EDITORIAL: Commending the proactive approach of athletics
While it may have seemed a bit premature for Central Michigan University athletics to dump sophomores Austin White and Joe Sawicki and freshman Danel Harris from the football program just a day after the police announced charges against them, it was a move that made the best of an awful situation.
While all of the players are innocent until proven guilty, at this point, this is not the type of distraction the program needs. Removing them from all team-related activities sends a strong message that distractions and off-the-field controversies will no longer be tolerated.
Giving a proactive response to the arrests shows, at the very least, the football team is focused on what it needs to be focused on: Football.
Leaving White, Sawicki and Harris on the team, even for several more months, isn't something that would help the team.
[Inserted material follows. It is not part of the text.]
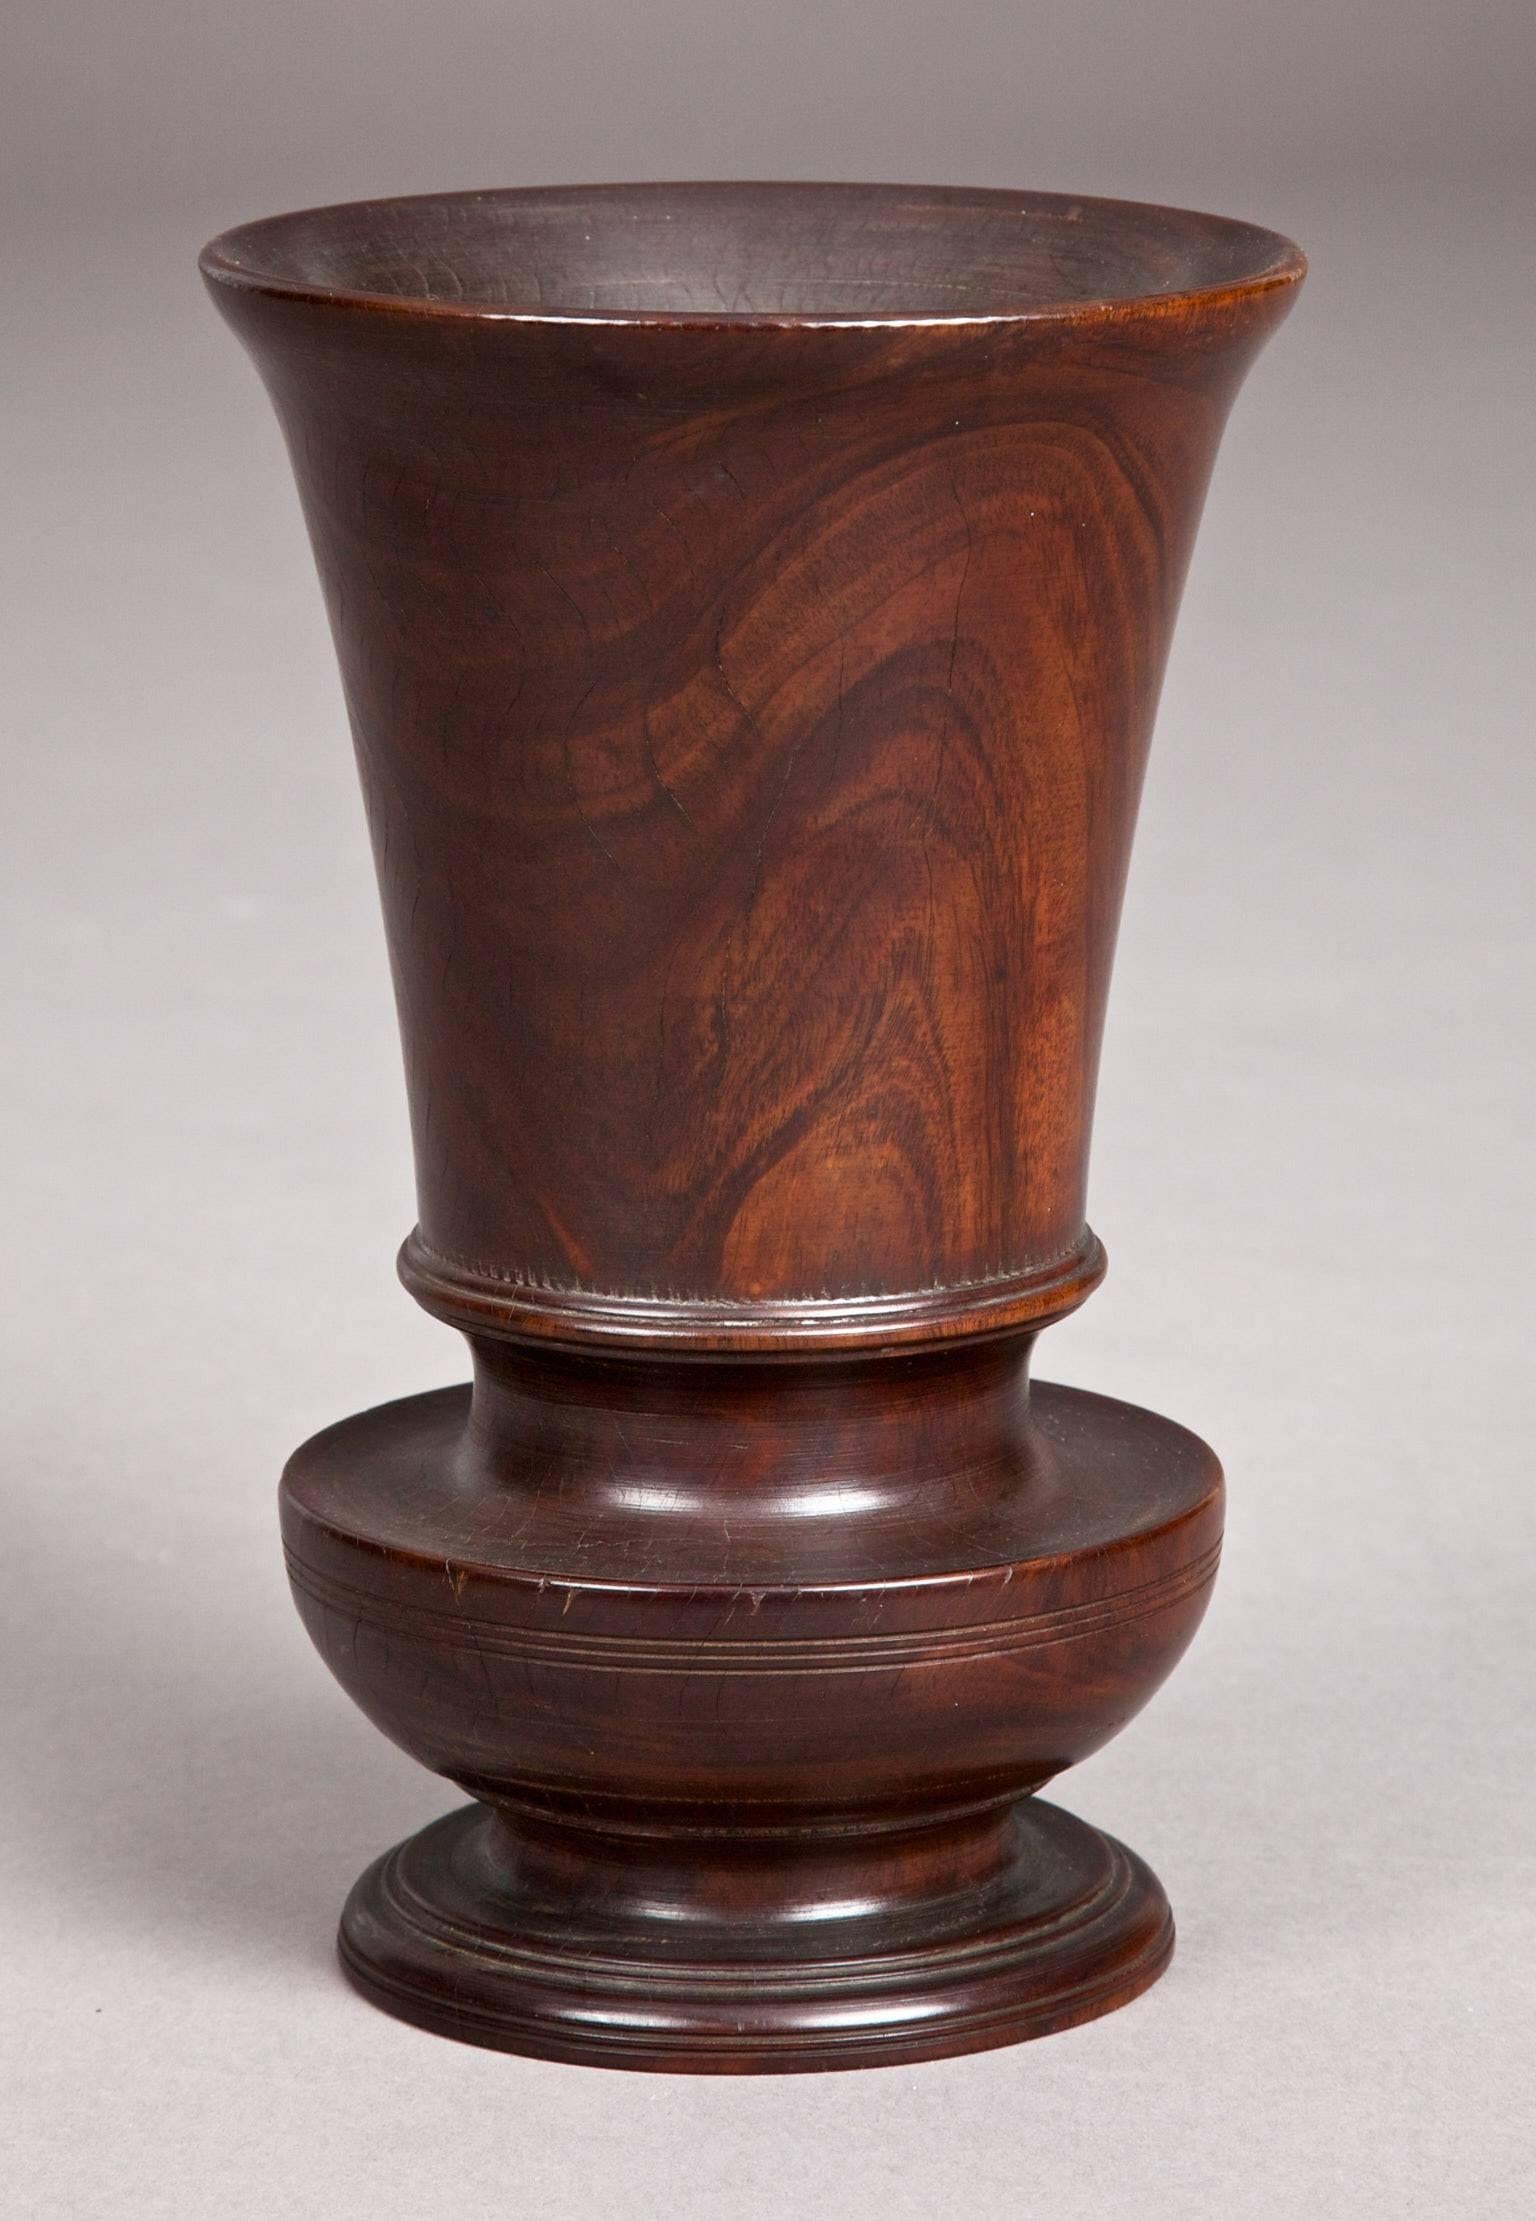 English Lignum Vitae Late 19th Century Vase or Urn For Sale

As CMU Athletics said in a news release: "None of the three players have officially appeared in a CMU jersey."
If athletes as a whole, and football players even moreso, are to be held up as ambassadors of our school, then they should be judged to a stronger degree than the rest of the student body. The discovery of evidence substantial enough to investigate and arrest three students on serious charges serves as more than adequate reason for their dismissal.
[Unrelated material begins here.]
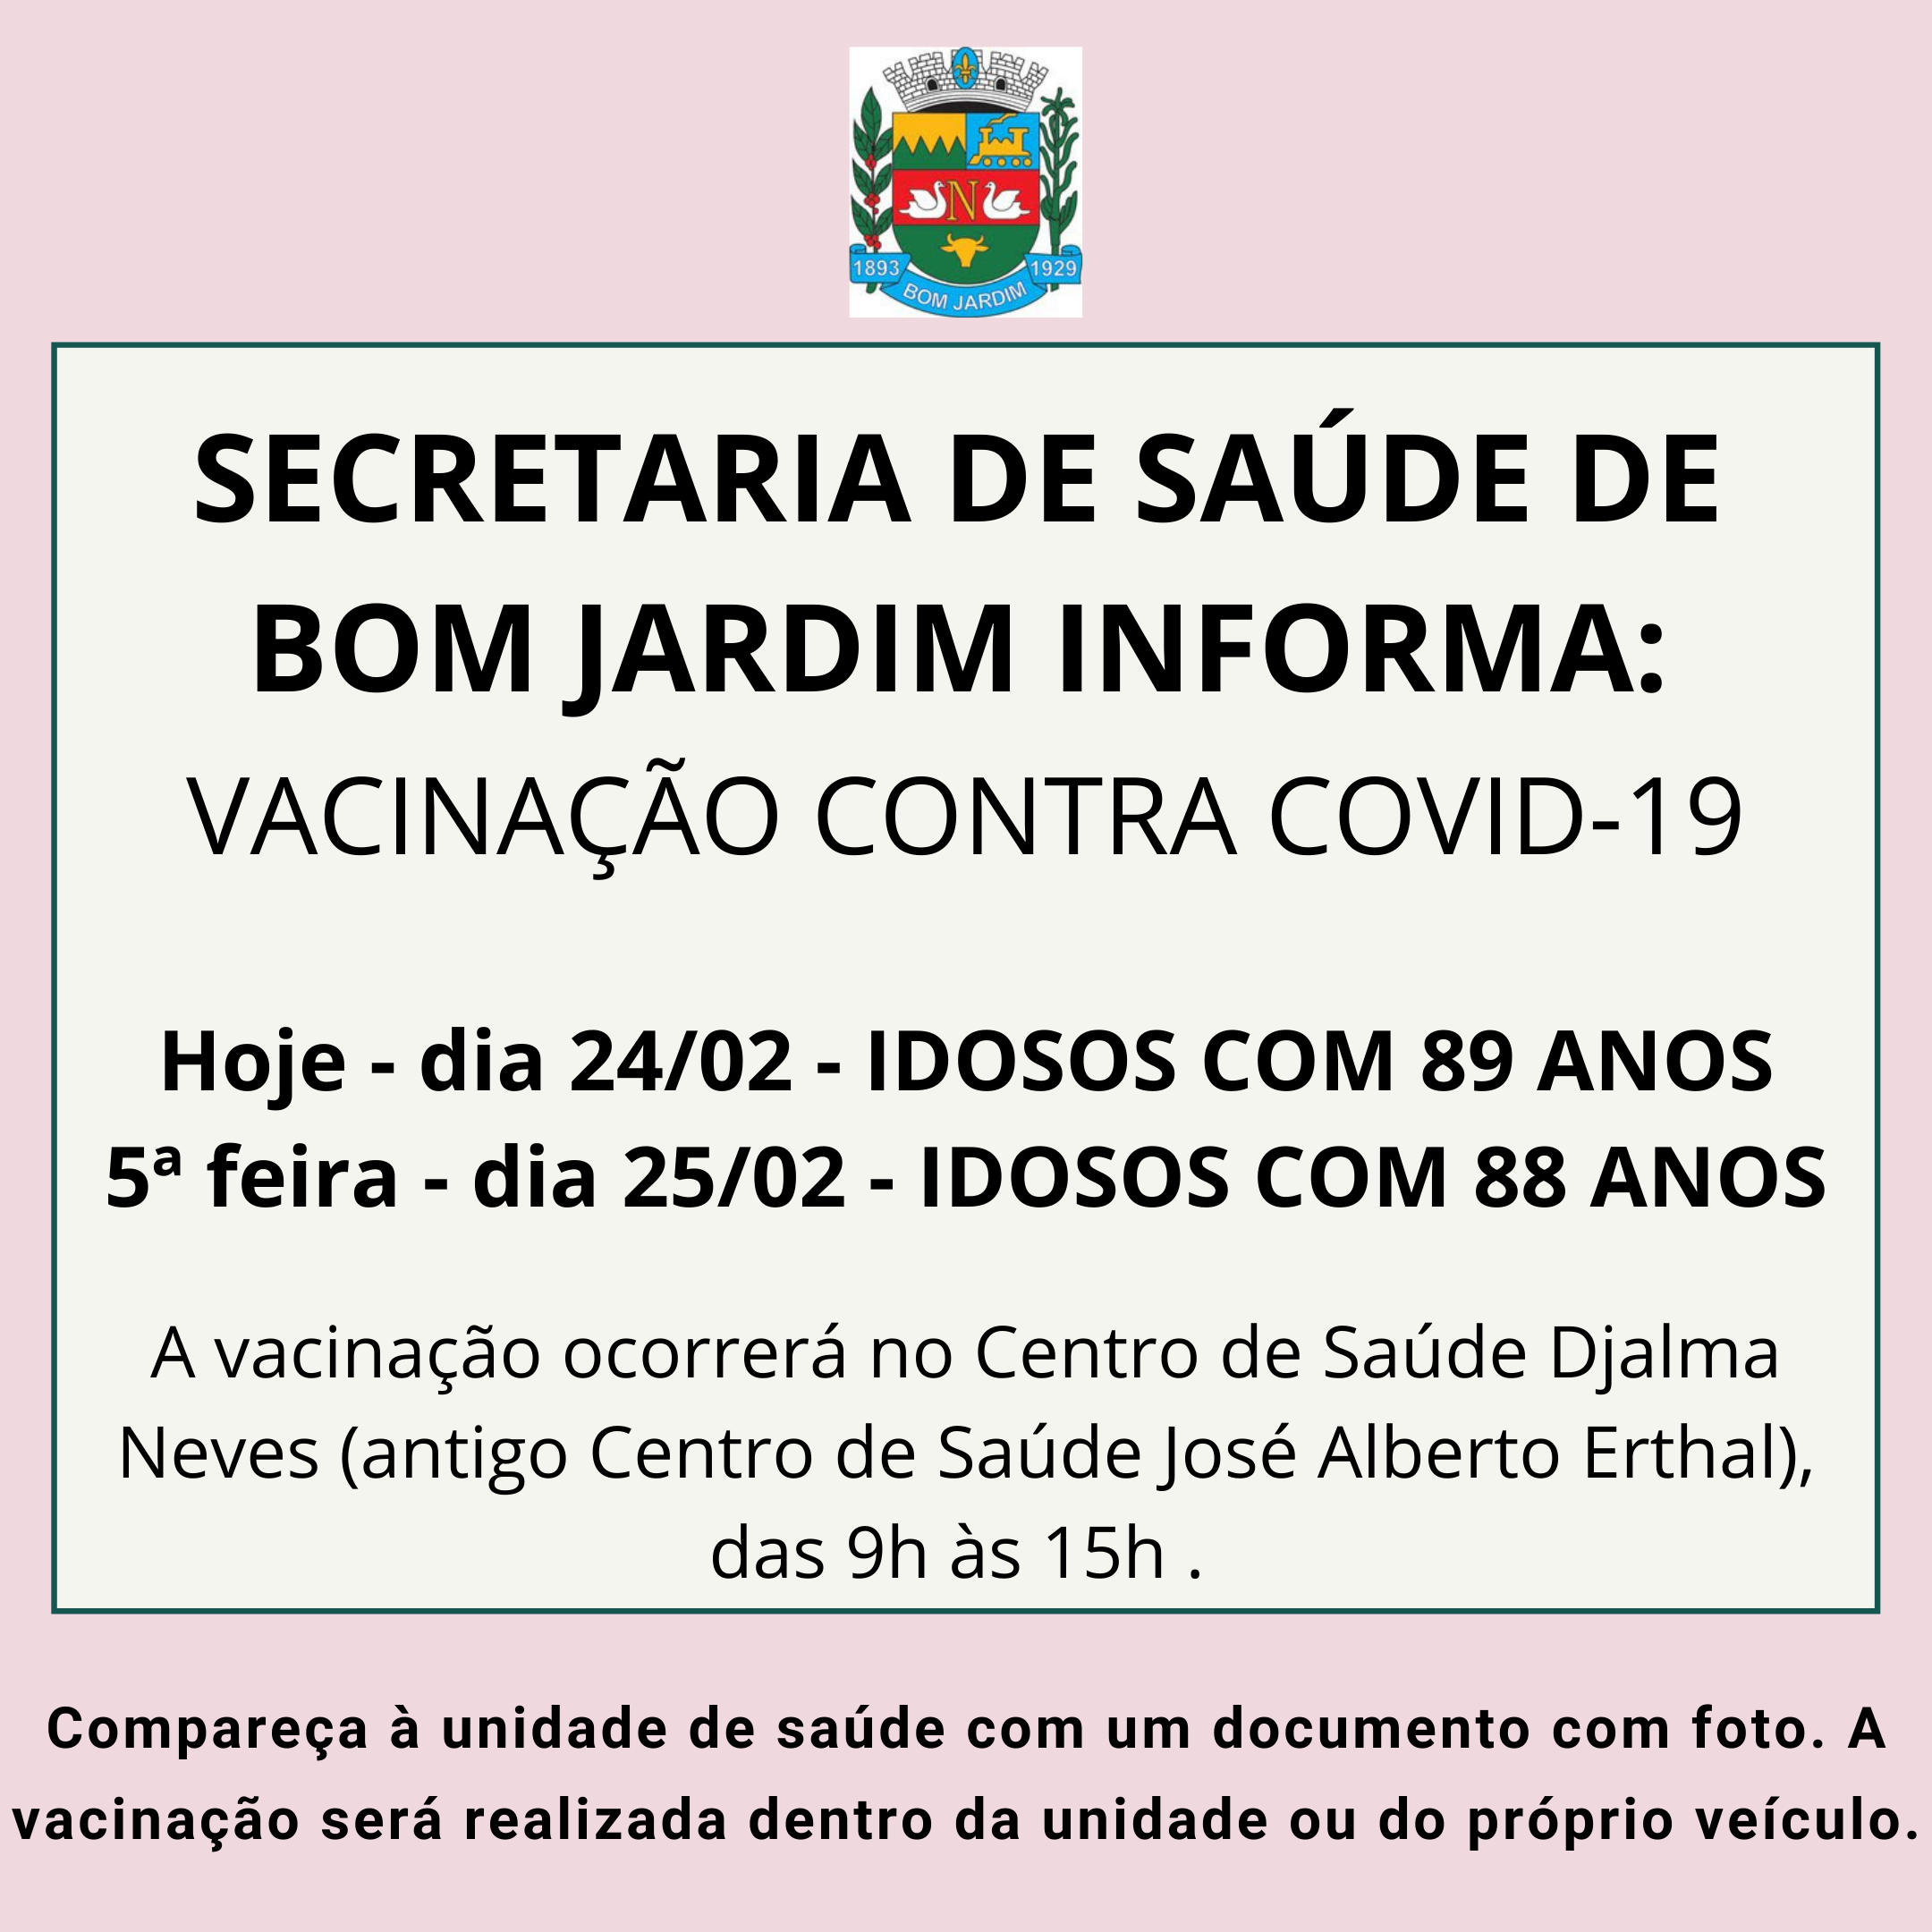 Prefeitura Municipal De Bom Jardim

Athletics took a risk when it dismissed White and the other two players before any convinctions have been handed down, and there remains a scenario in which some or all of the players will have a legitimate claim to reinstatement if the case against them collapses. However, it was more important to send a message of zero tolerance and remove both a source of distraction and potential further trouble from a team whose morale is still recovering from a difficult campaign last year.
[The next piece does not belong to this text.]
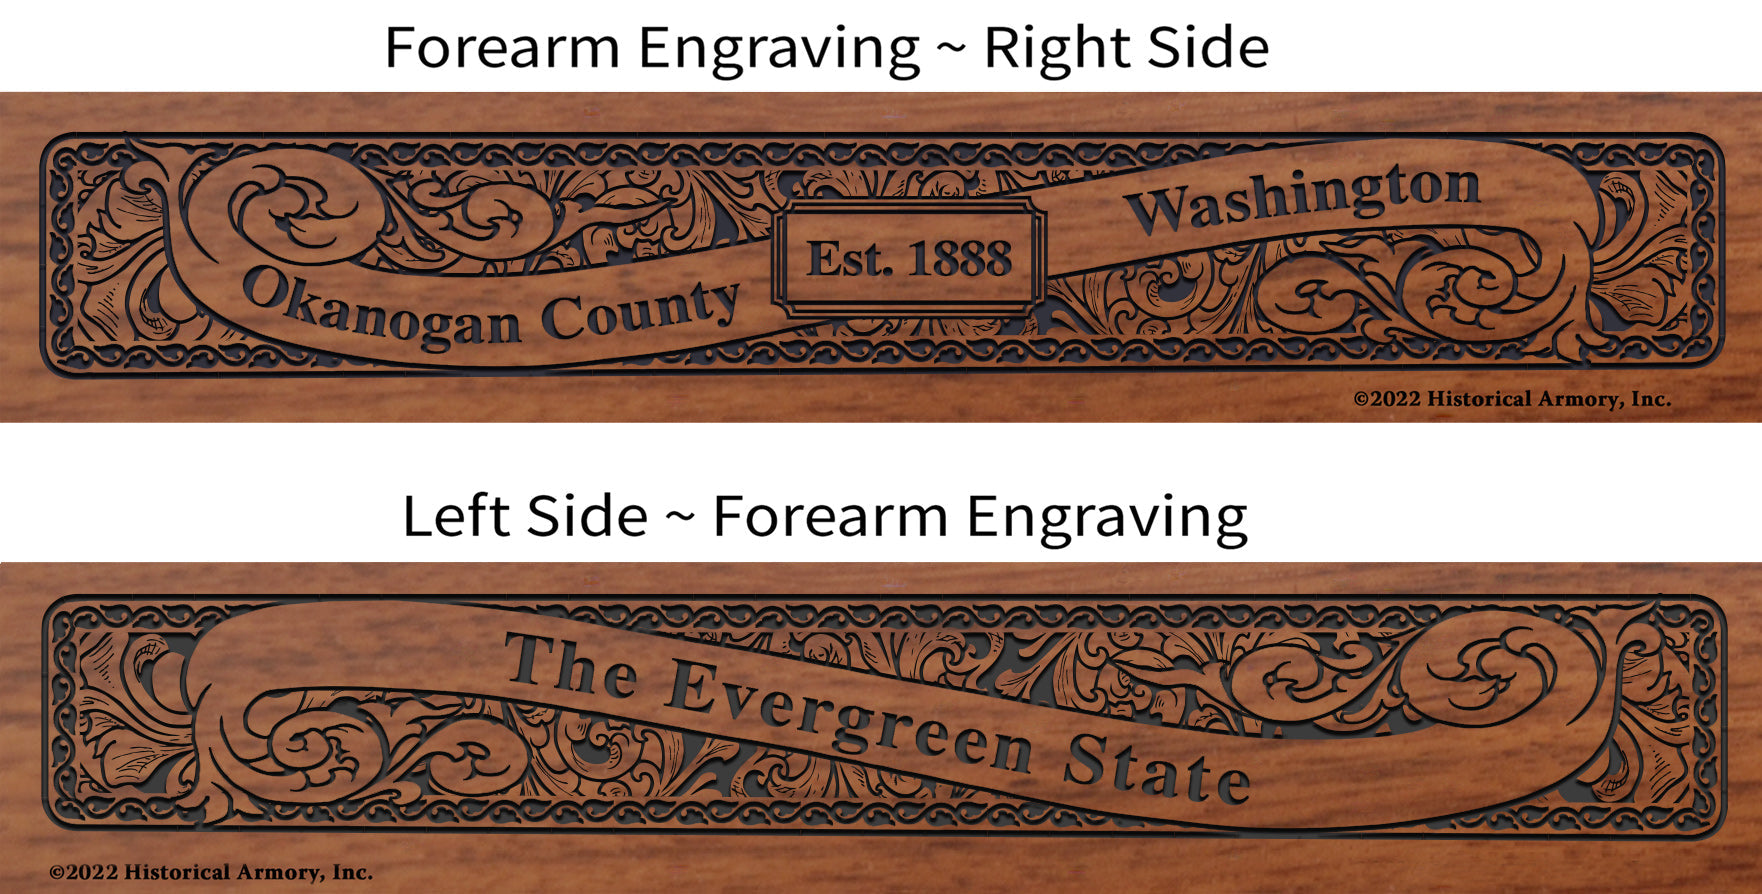 Okanogan County Washington Engraved Rifle Forearm

White was dumped unceremoniously by the University of Michigan. Coach Enos took a chance on him, recognizing that his talent merited a second chance. He gave him another shot after a disciplinary slip-up in the fall, reinstating him as a player only months before this current fiasco.
Enos' apparent willingness to walk away from a player he invested so much in shows a new willingness by our football team to take the moral high ground. Now is the time for the program to rack up more than just moral victories.